■ **Entries provided**
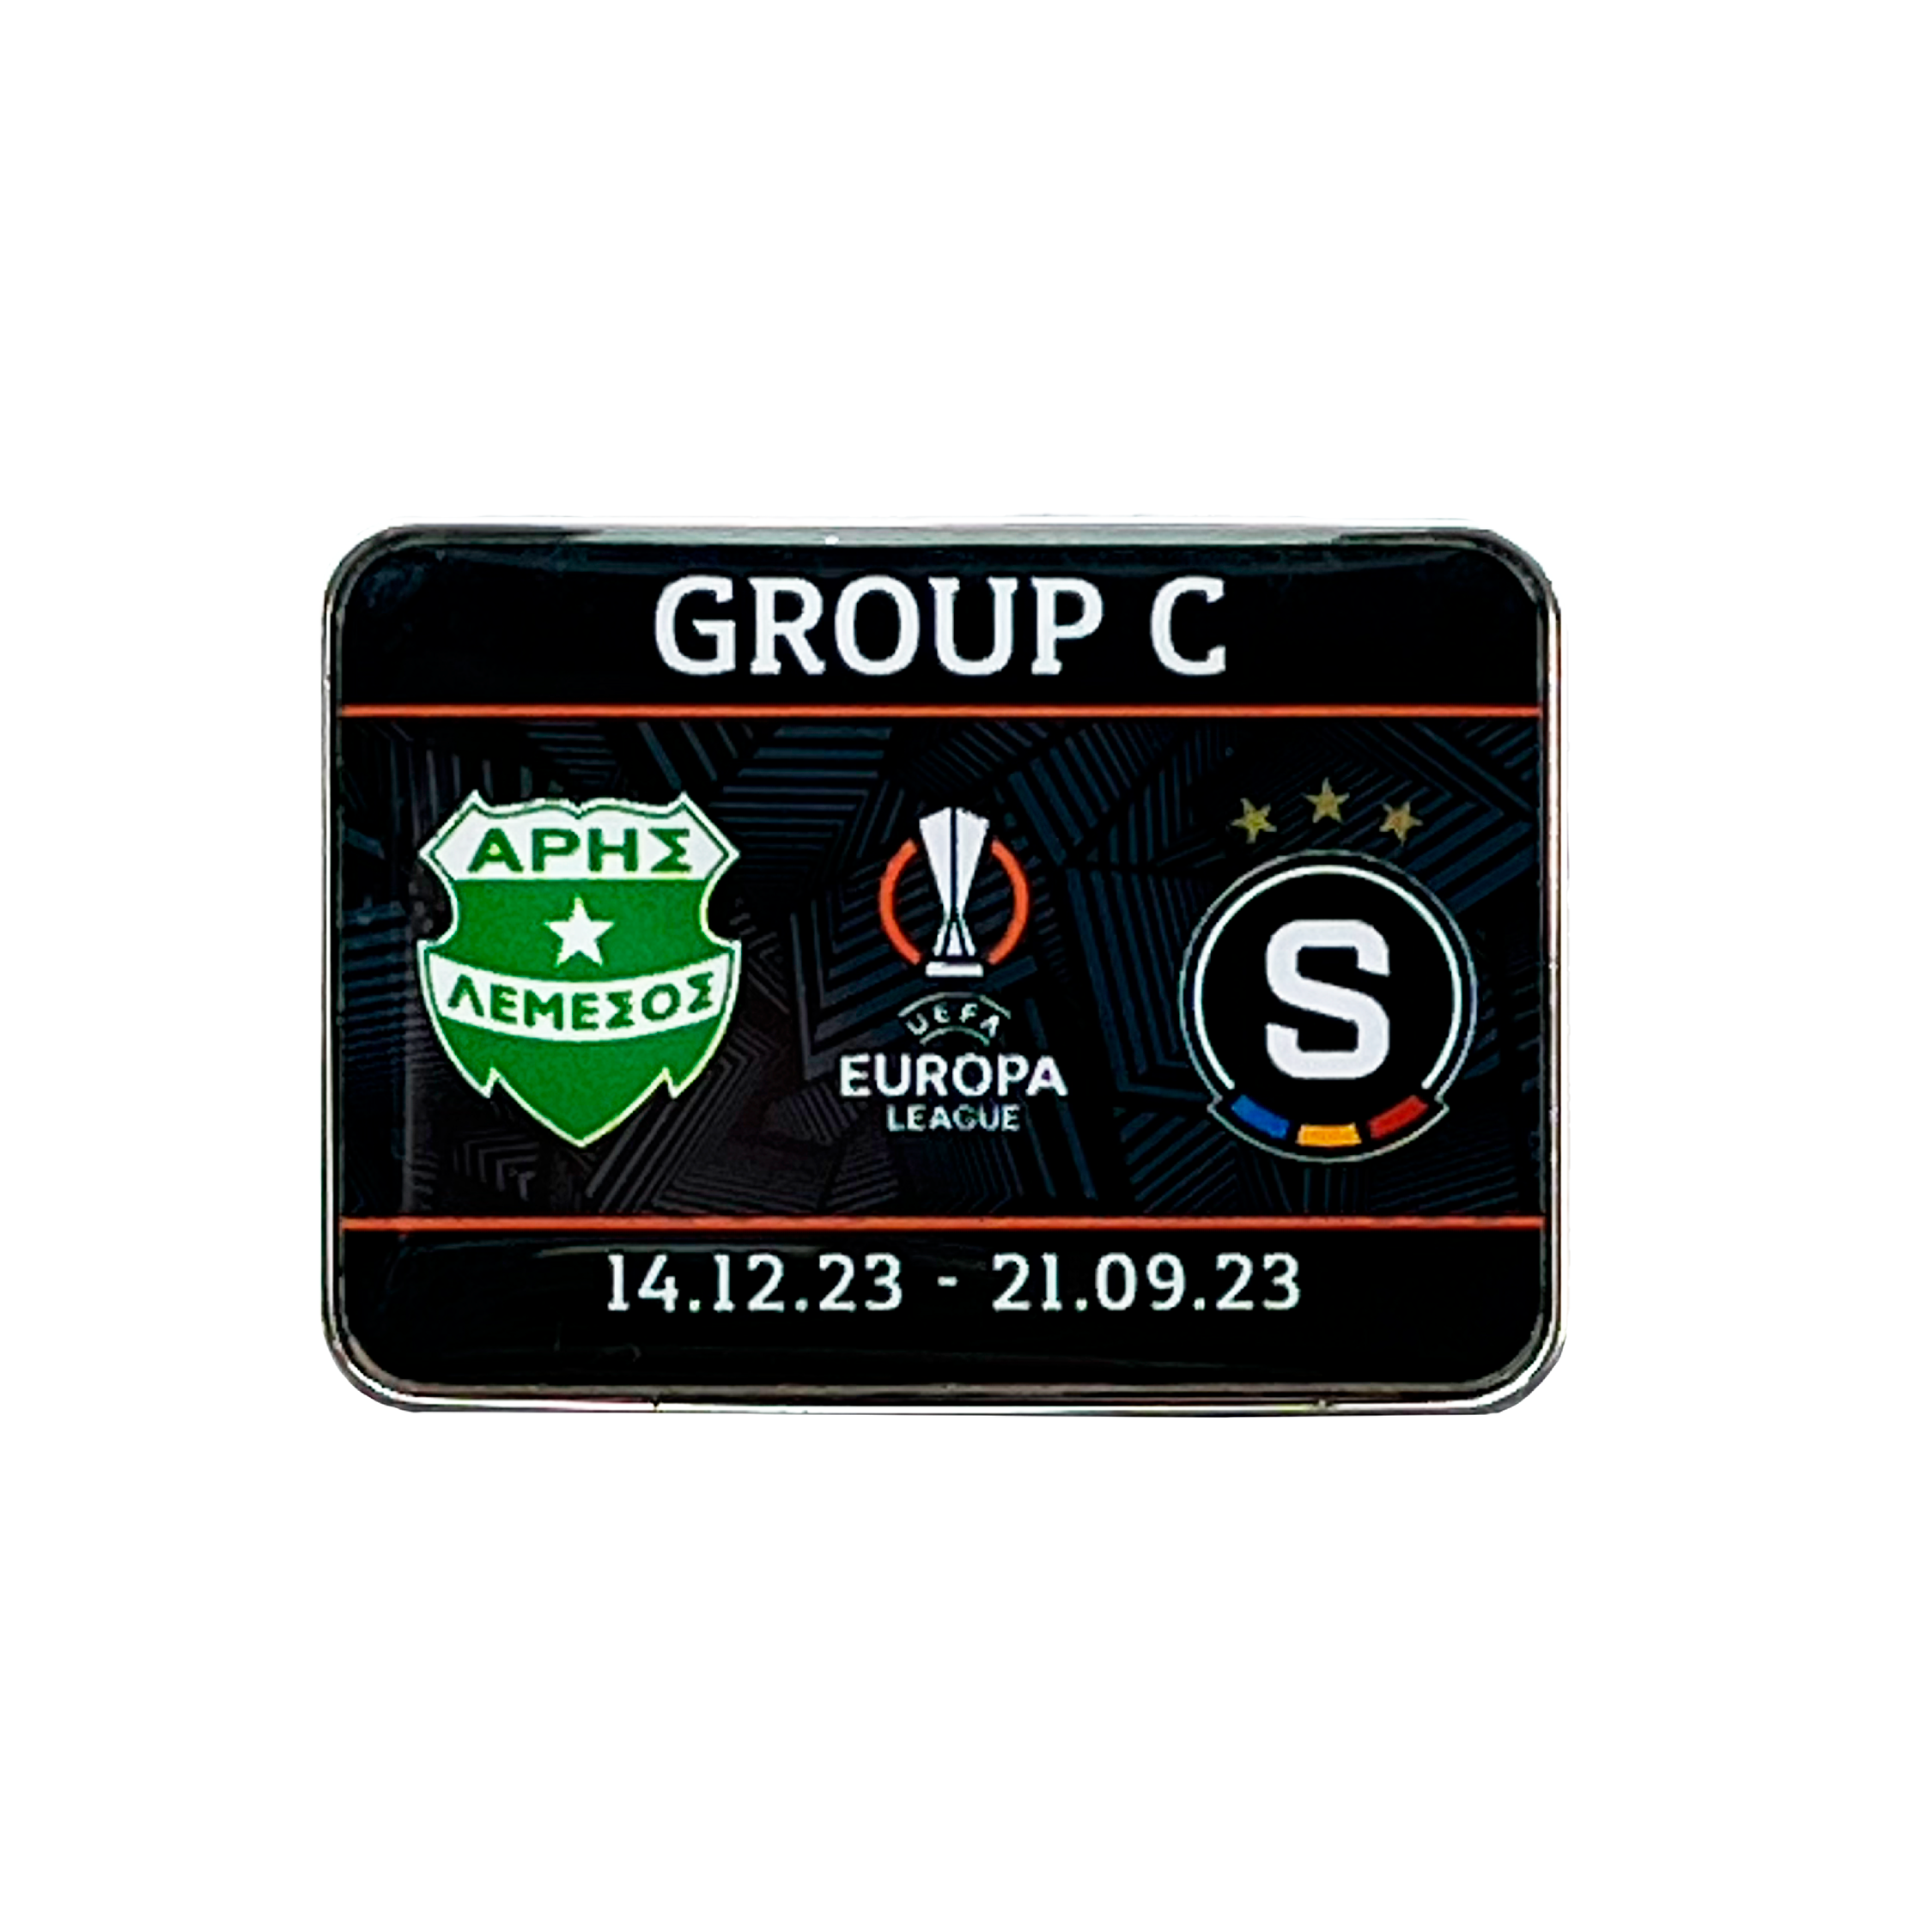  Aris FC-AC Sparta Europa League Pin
==
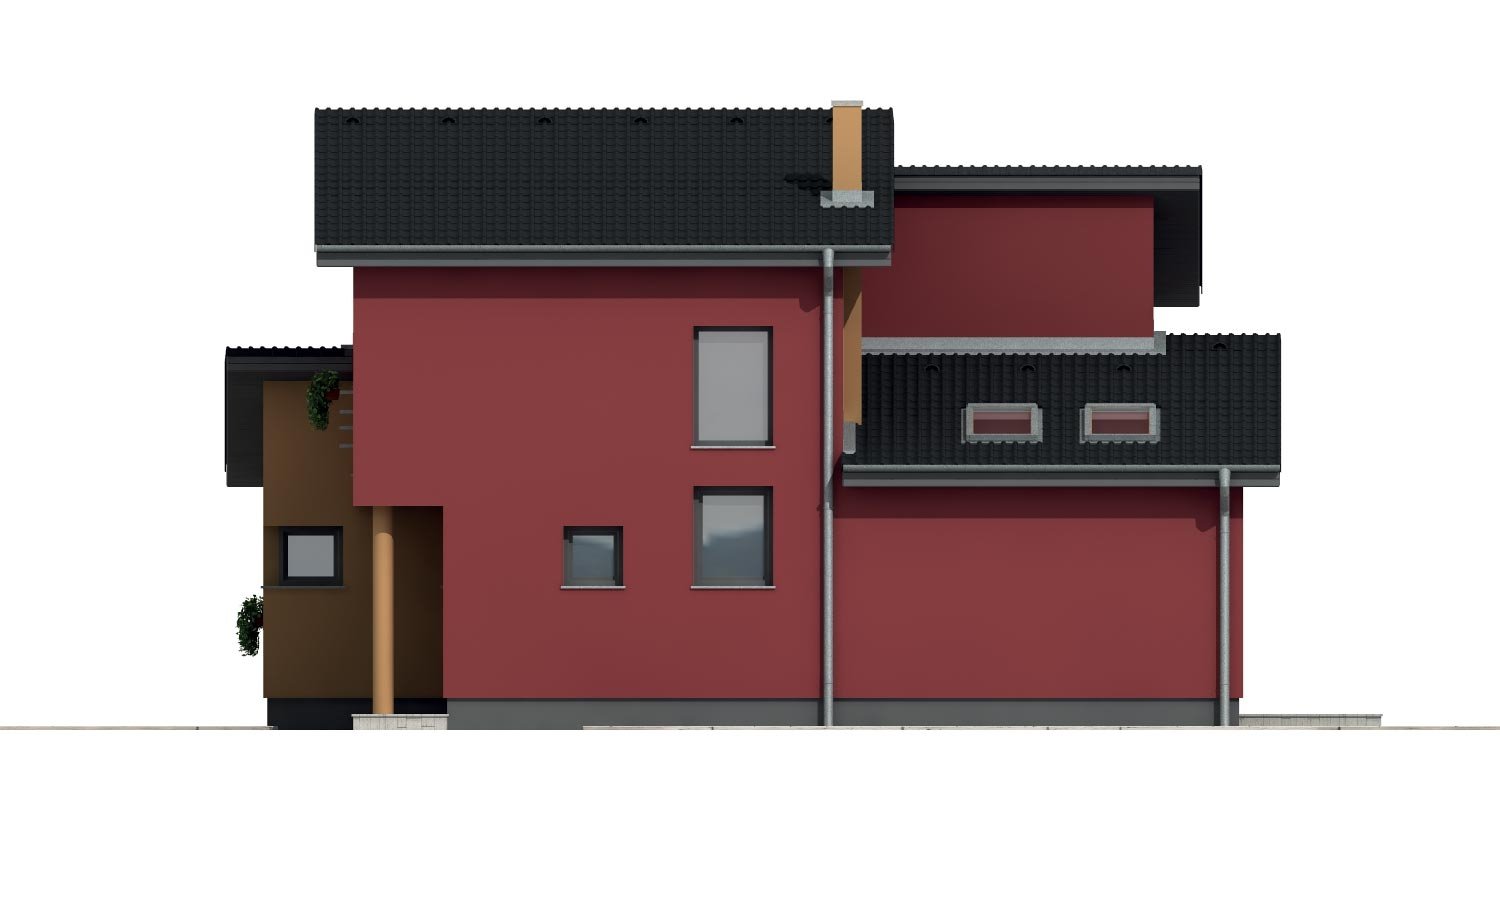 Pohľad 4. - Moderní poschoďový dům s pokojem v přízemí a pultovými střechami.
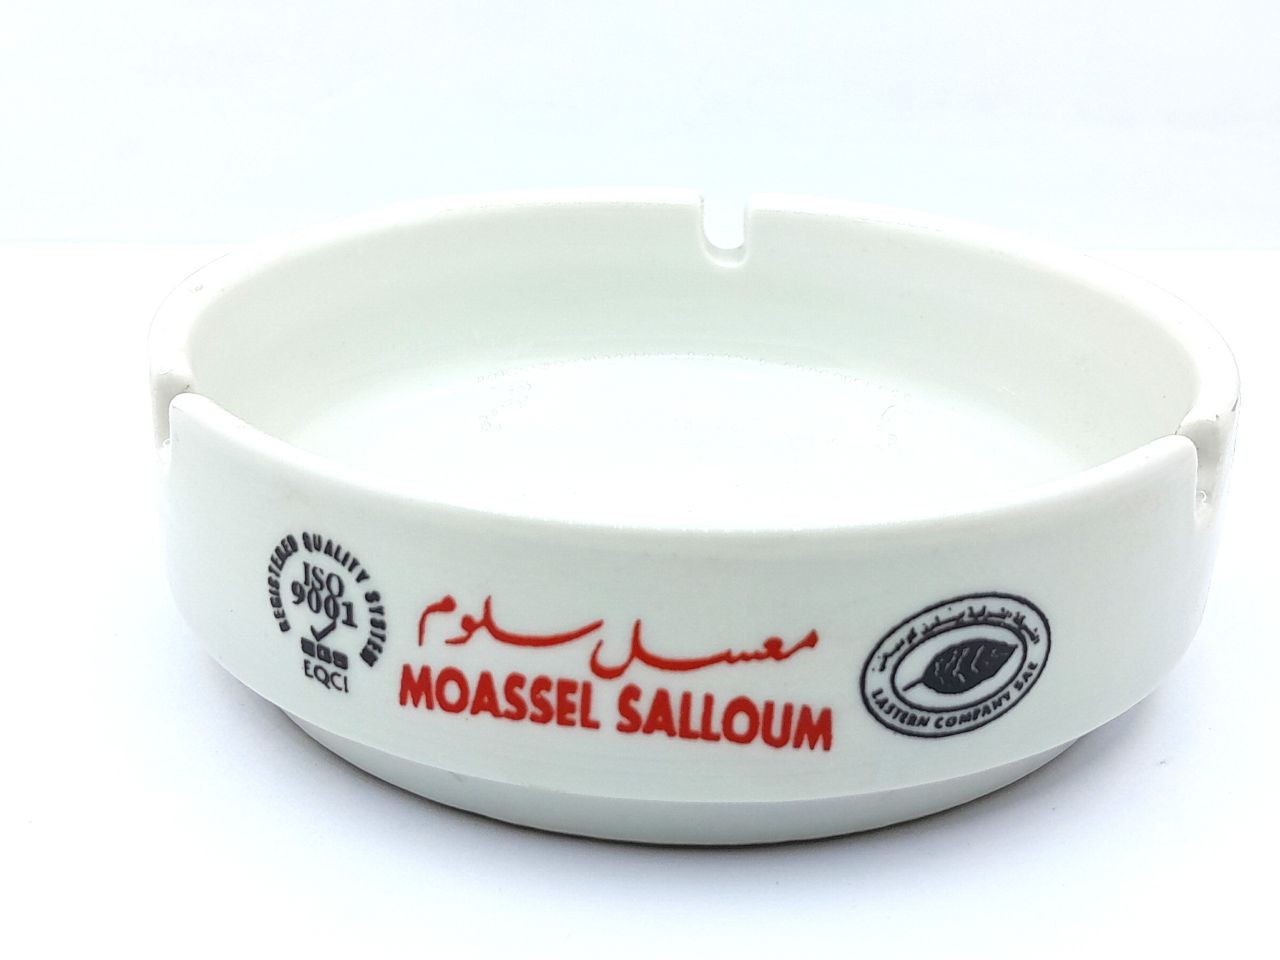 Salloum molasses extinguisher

■ **What is needed**
Going back to the data above, write out everything from the line with "Pohľad 4. - Moderní" down to the line with "Salloum molasses extinguisher", both included, leaving every picture out.

■ **Answer area**
 Pohľad 4. - Moderní poschoďový dům s pokojem v přízemí a pultovými střechami.
 Salloum molasses extinguisher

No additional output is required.